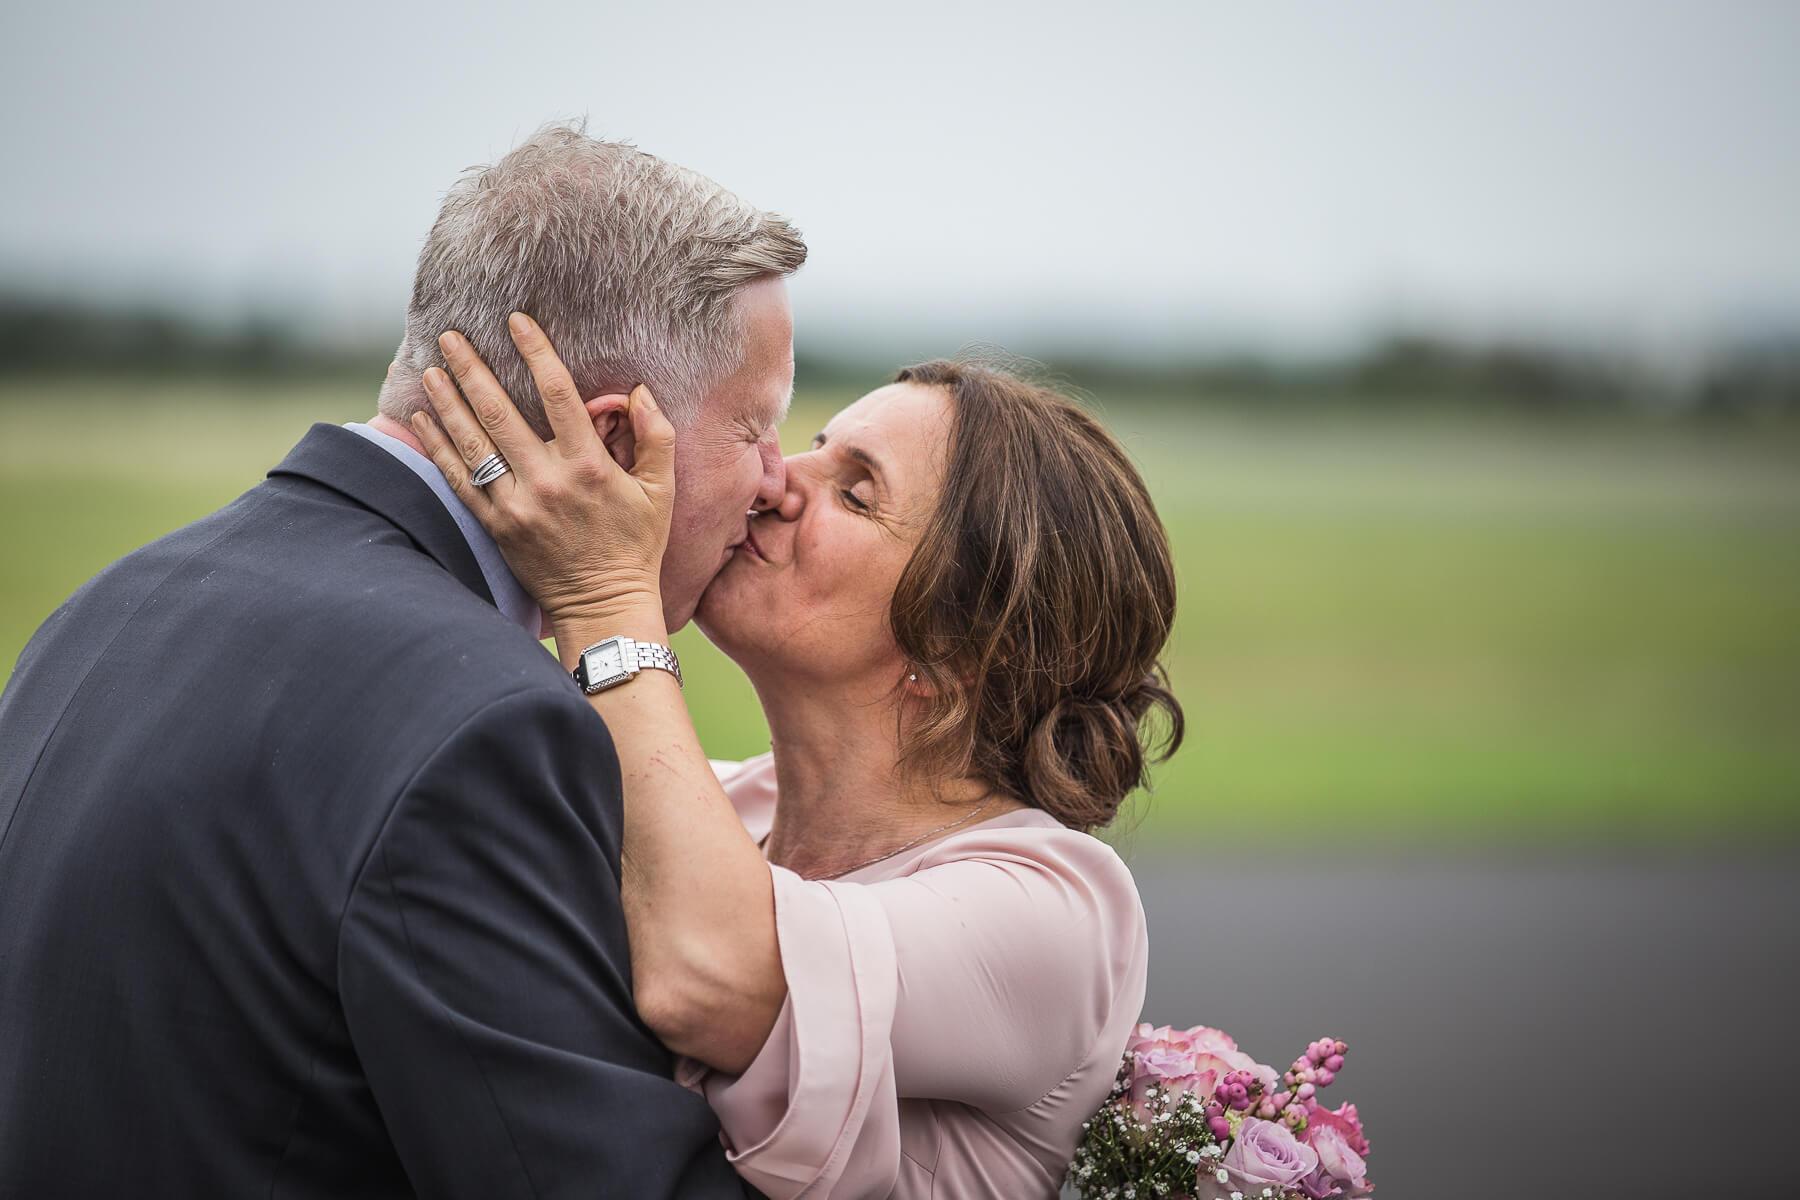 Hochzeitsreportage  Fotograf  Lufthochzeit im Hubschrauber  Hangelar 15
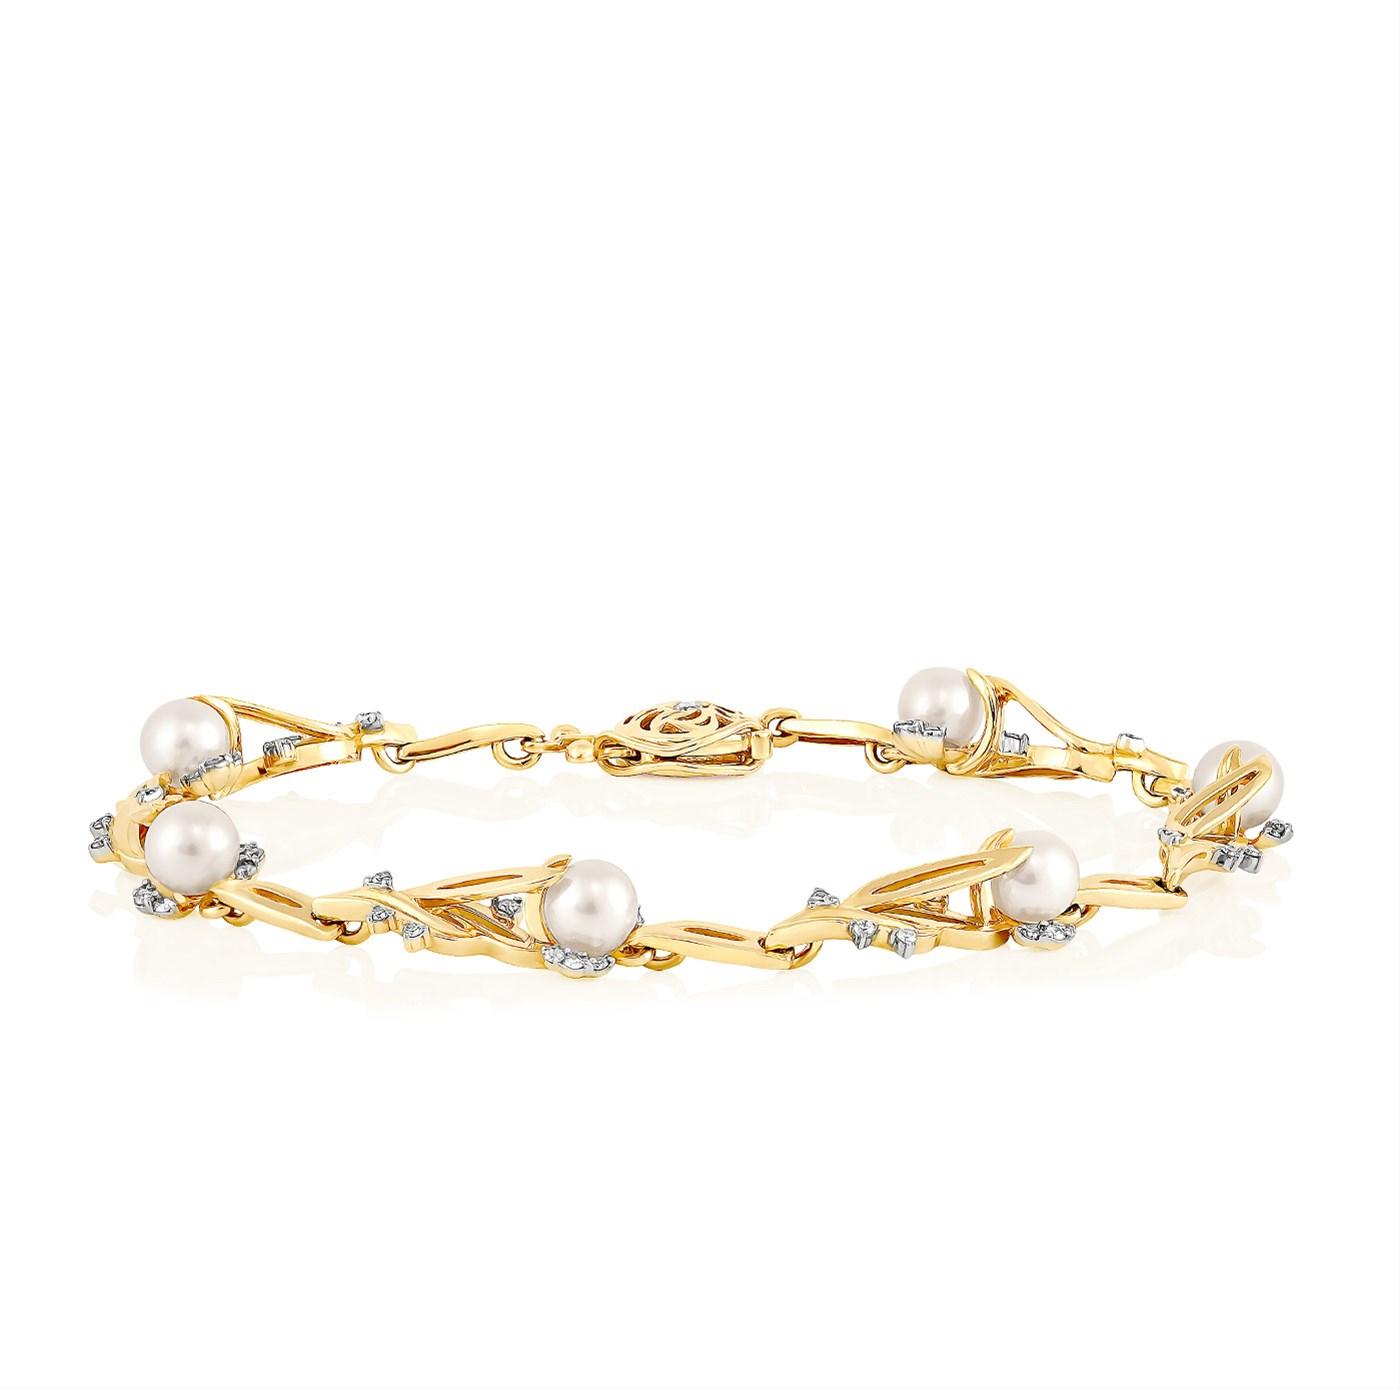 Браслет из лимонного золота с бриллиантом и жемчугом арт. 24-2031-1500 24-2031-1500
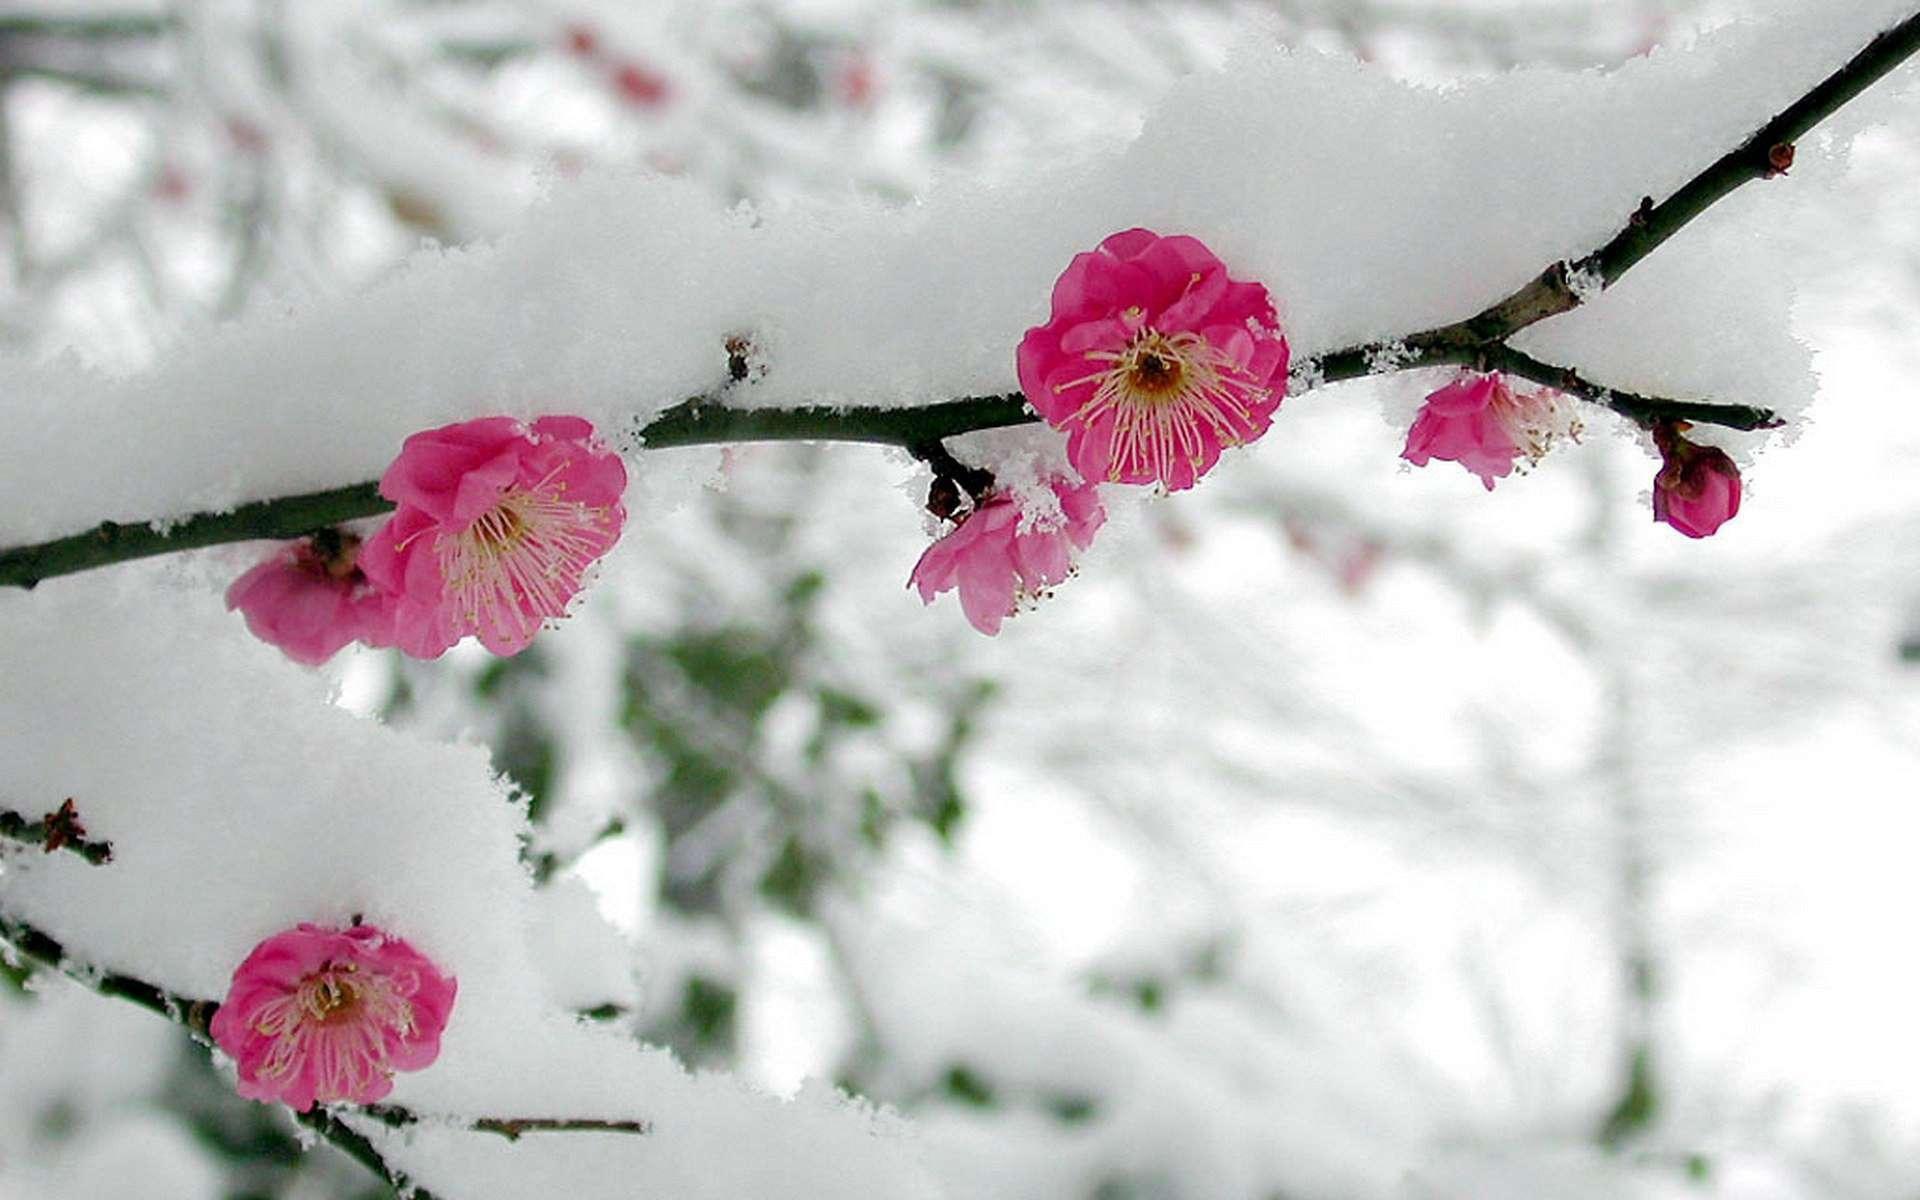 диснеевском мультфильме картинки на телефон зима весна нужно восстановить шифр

□ □ □ □

What this task involves
With the pictures set aside, write out the whole listing exactly.

Response to this exercise
 Hochzeitsreportage  Fotograf  Lufthochzeit im Hubschrauber  Hangelar 15
 Браслет из лимонного золота с бриллиантом и жемчугом арт. 24-2031-1500 24-2031-1500
 диснеевском мультфильме картинки на телефон зима весна нужно восстановить шифр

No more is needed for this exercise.